## Problem details
Could you copy every record exactly, leaving the pictures behind?

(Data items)
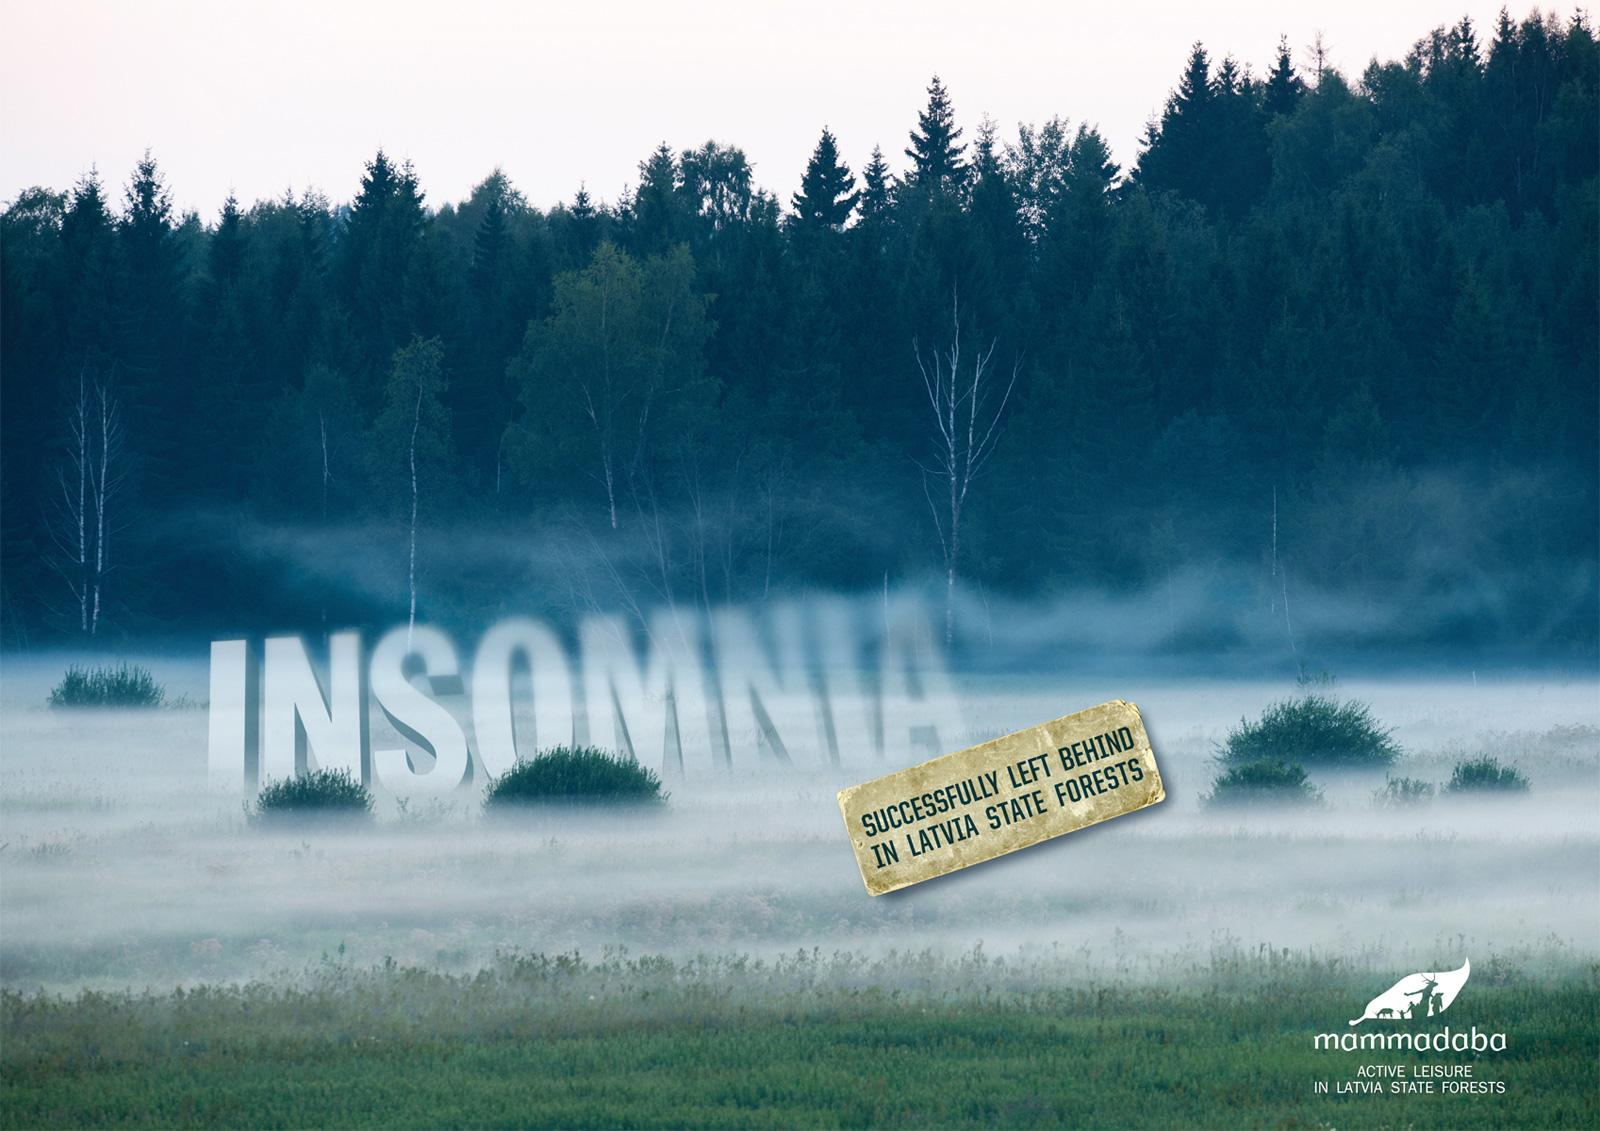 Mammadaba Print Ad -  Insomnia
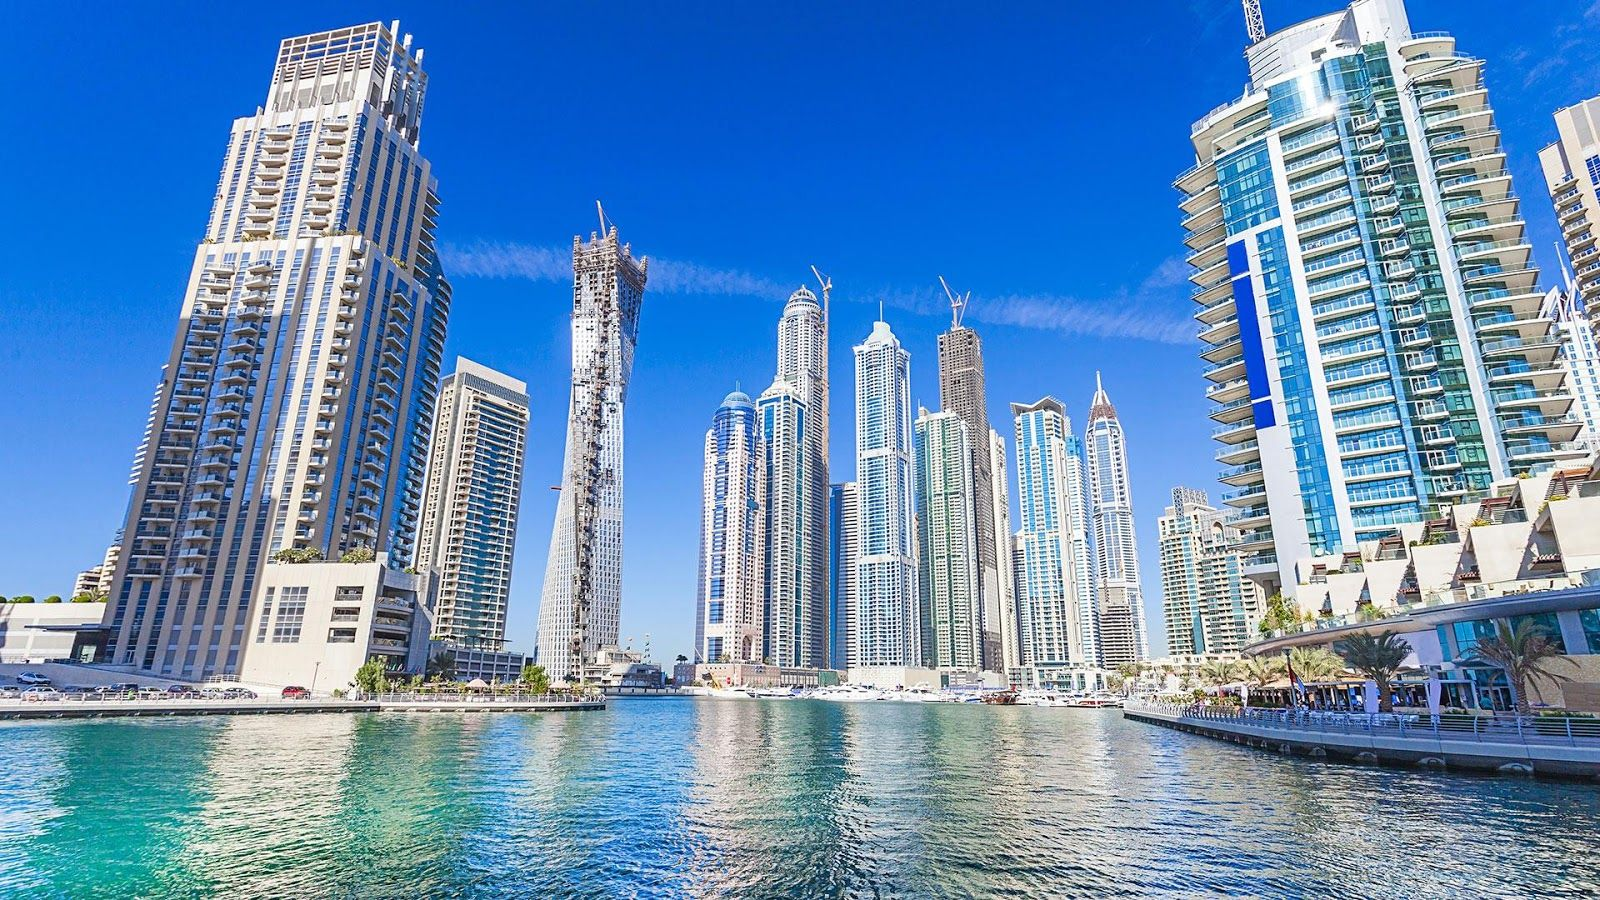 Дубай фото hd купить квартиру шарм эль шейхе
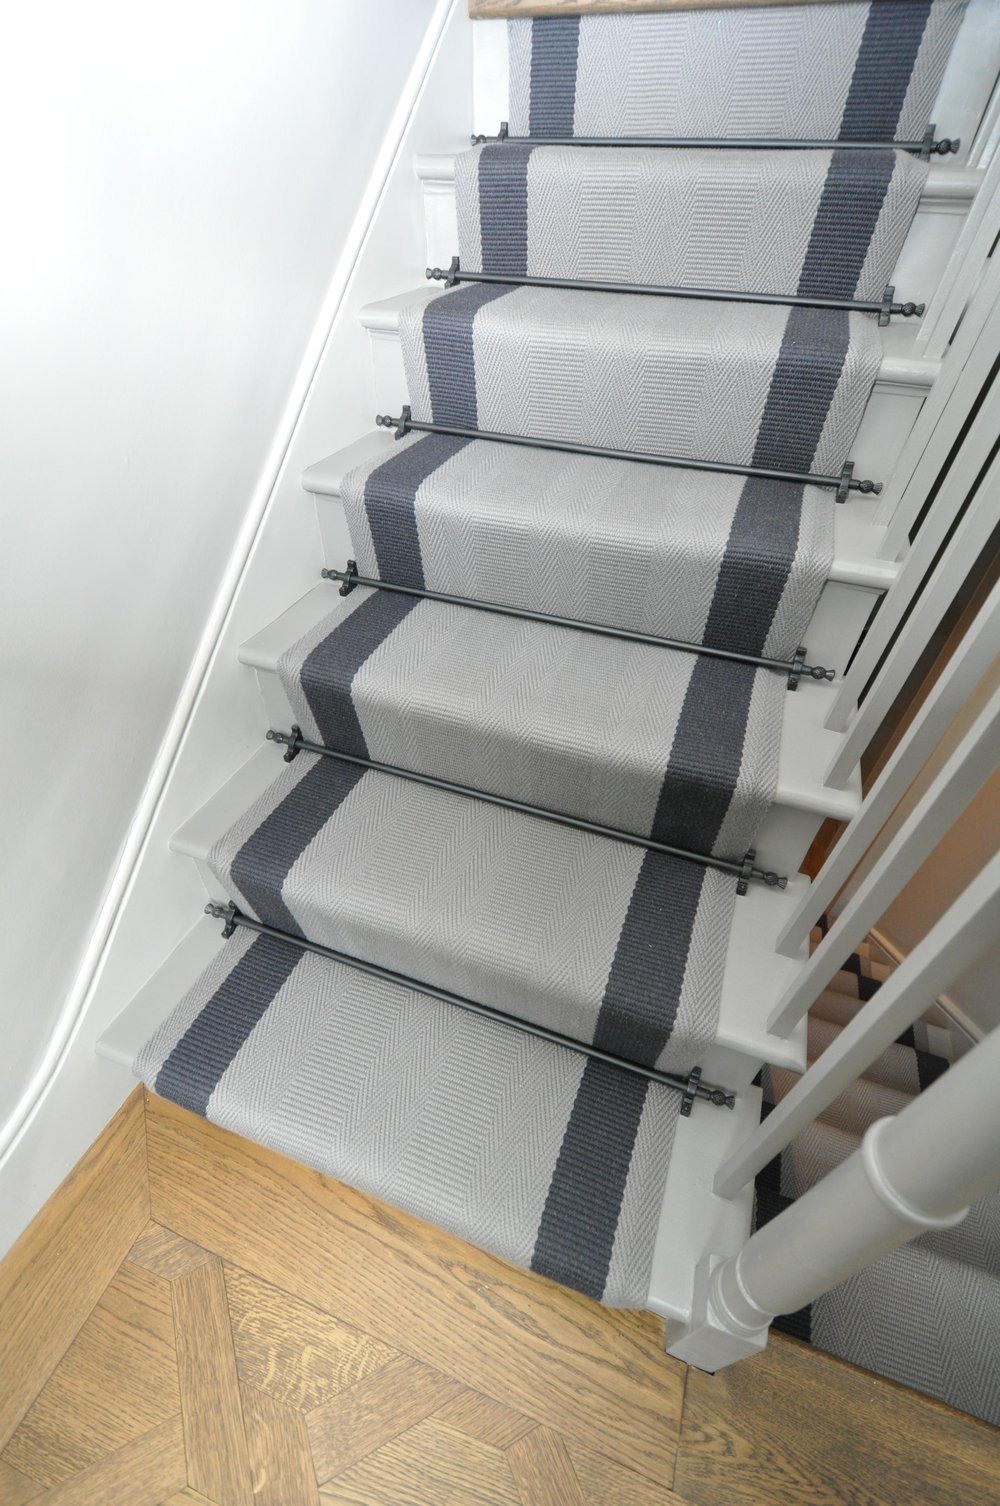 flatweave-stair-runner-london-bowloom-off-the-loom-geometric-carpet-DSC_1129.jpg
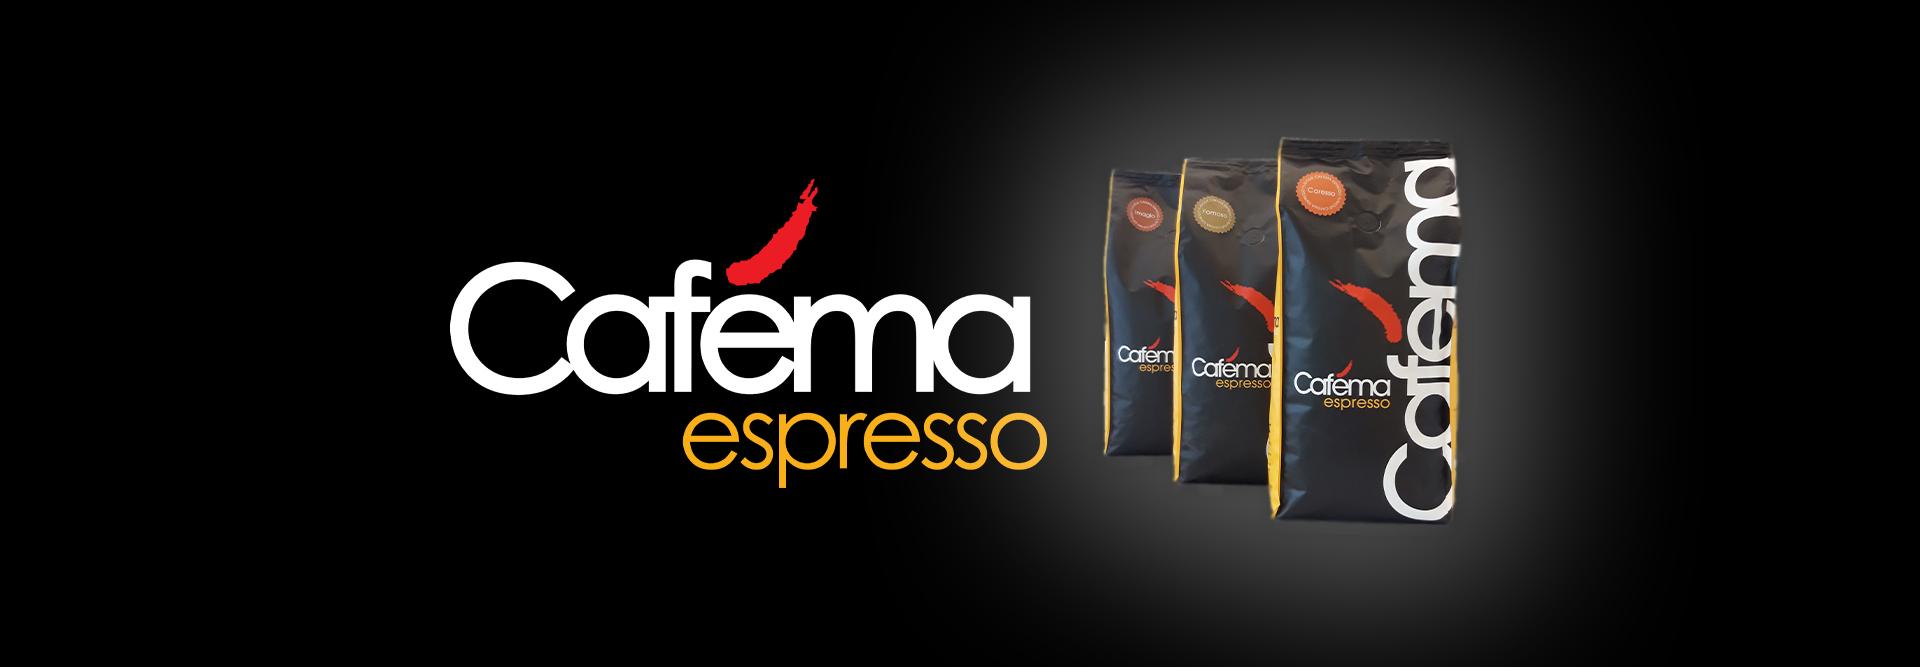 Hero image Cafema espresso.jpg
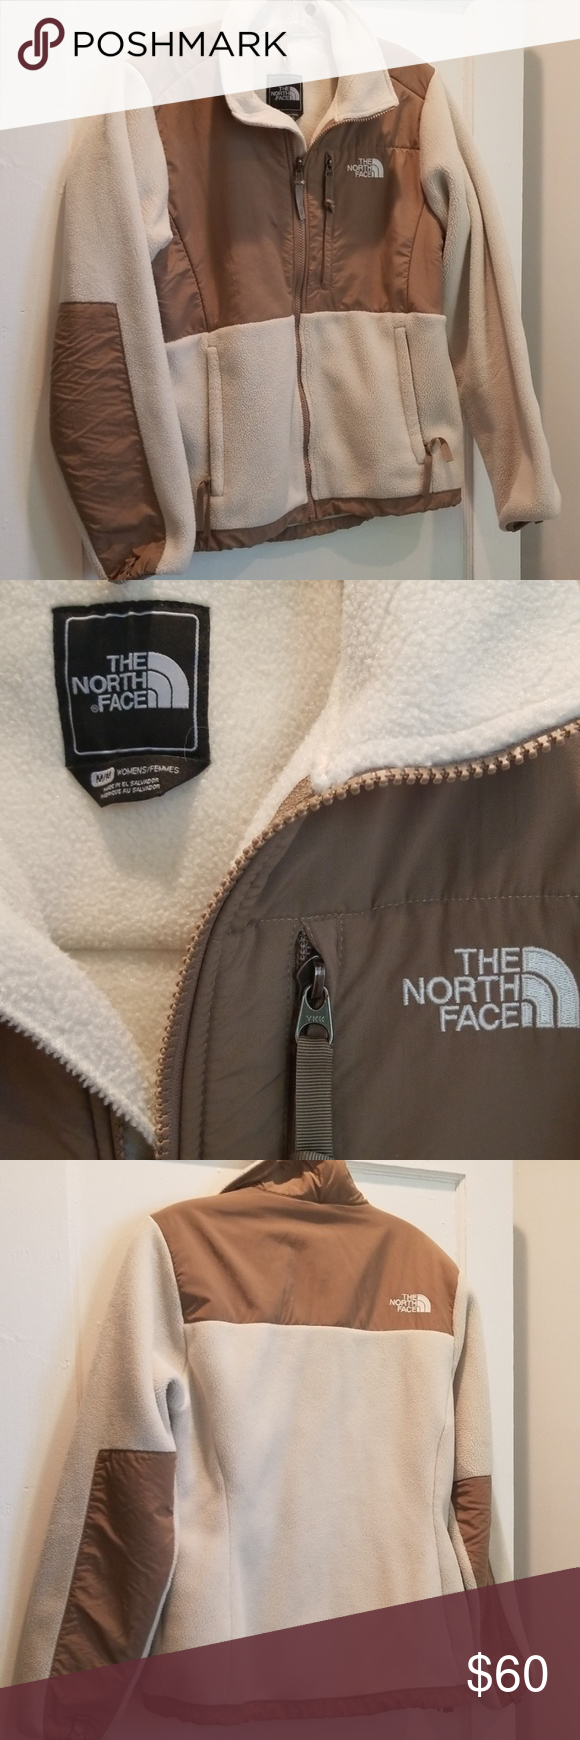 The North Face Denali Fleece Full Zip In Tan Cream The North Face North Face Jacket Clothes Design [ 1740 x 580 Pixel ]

## Answer to the exercise
 Mammadaba Print Ad -  Insomnia
 Дубай фото hd купить квартиру шарм эль шейхе
 flatweave-stair-runner-london-bowloom-off-the-loom-geometric-carpet-DSC_1129.jpg
 Hero image Cafema espresso.jpg
 The North Face Denali Fleece Full Zip In Tan Cream The North Face North Face Jacket Clothes Design [ 1740 x 580 Pixel ]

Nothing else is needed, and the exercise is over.